What you should do – Once the line holding "Szymona Hołownia i" is found in the listing below, write it out and each later line exactly, up to and including the one holding "Nikon D5 sample".

Given data –
________________
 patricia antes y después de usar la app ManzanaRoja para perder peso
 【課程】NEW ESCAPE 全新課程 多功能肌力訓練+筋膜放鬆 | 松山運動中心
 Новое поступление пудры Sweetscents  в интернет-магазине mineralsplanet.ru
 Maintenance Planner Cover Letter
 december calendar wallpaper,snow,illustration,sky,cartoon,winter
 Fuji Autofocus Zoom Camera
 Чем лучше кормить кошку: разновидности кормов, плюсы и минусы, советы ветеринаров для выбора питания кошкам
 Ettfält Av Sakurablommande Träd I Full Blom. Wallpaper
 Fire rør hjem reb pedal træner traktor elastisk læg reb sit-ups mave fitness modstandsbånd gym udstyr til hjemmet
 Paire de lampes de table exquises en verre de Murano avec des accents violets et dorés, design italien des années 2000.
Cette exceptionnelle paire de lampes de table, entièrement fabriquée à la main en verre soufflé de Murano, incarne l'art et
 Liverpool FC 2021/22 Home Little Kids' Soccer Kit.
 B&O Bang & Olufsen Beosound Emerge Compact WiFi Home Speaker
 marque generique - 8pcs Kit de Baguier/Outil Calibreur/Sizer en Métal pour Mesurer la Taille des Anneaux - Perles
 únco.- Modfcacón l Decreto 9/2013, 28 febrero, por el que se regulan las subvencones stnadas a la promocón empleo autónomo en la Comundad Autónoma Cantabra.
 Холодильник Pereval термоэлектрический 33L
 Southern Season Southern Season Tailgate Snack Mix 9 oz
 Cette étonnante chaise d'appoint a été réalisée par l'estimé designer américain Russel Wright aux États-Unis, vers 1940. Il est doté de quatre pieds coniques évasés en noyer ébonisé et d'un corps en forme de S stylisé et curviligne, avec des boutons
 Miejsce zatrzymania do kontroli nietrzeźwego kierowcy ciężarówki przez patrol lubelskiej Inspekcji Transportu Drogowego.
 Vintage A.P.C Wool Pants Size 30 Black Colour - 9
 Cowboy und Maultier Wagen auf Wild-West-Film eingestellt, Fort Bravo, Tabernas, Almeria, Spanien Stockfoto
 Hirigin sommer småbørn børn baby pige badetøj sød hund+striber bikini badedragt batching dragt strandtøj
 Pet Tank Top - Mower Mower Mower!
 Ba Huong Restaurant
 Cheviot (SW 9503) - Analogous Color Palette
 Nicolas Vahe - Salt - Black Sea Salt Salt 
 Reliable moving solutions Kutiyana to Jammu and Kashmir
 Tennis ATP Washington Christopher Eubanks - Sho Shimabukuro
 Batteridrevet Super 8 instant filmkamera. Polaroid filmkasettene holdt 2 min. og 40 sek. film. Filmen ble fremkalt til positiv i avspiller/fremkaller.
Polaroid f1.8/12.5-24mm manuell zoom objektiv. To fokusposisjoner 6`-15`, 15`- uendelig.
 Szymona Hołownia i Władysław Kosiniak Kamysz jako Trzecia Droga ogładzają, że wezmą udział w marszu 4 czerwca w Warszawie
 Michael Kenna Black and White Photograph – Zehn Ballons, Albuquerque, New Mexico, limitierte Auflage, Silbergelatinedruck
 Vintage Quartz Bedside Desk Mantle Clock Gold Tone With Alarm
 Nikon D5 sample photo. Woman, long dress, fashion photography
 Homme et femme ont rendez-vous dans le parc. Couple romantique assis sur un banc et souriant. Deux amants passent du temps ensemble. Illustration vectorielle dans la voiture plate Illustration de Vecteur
________________
Solution to this problem –
 Szymona Hołownia i Władysław Kosiniak Kamysz jako Trzecia Droga ogładzają, że wezmą udział w marszu 4 czerwca w Warszawie
 Michael Kenna Black and White Photograph – Zehn Ballons, Albuquerque, New Mexico, limitierte Auflage, Silbergelatinedruck
 Vintage Quartz Bedside Desk Mantle Clock Gold Tone With Alarm
 Nikon D5 sample photo. Woman, long dress, fashion photography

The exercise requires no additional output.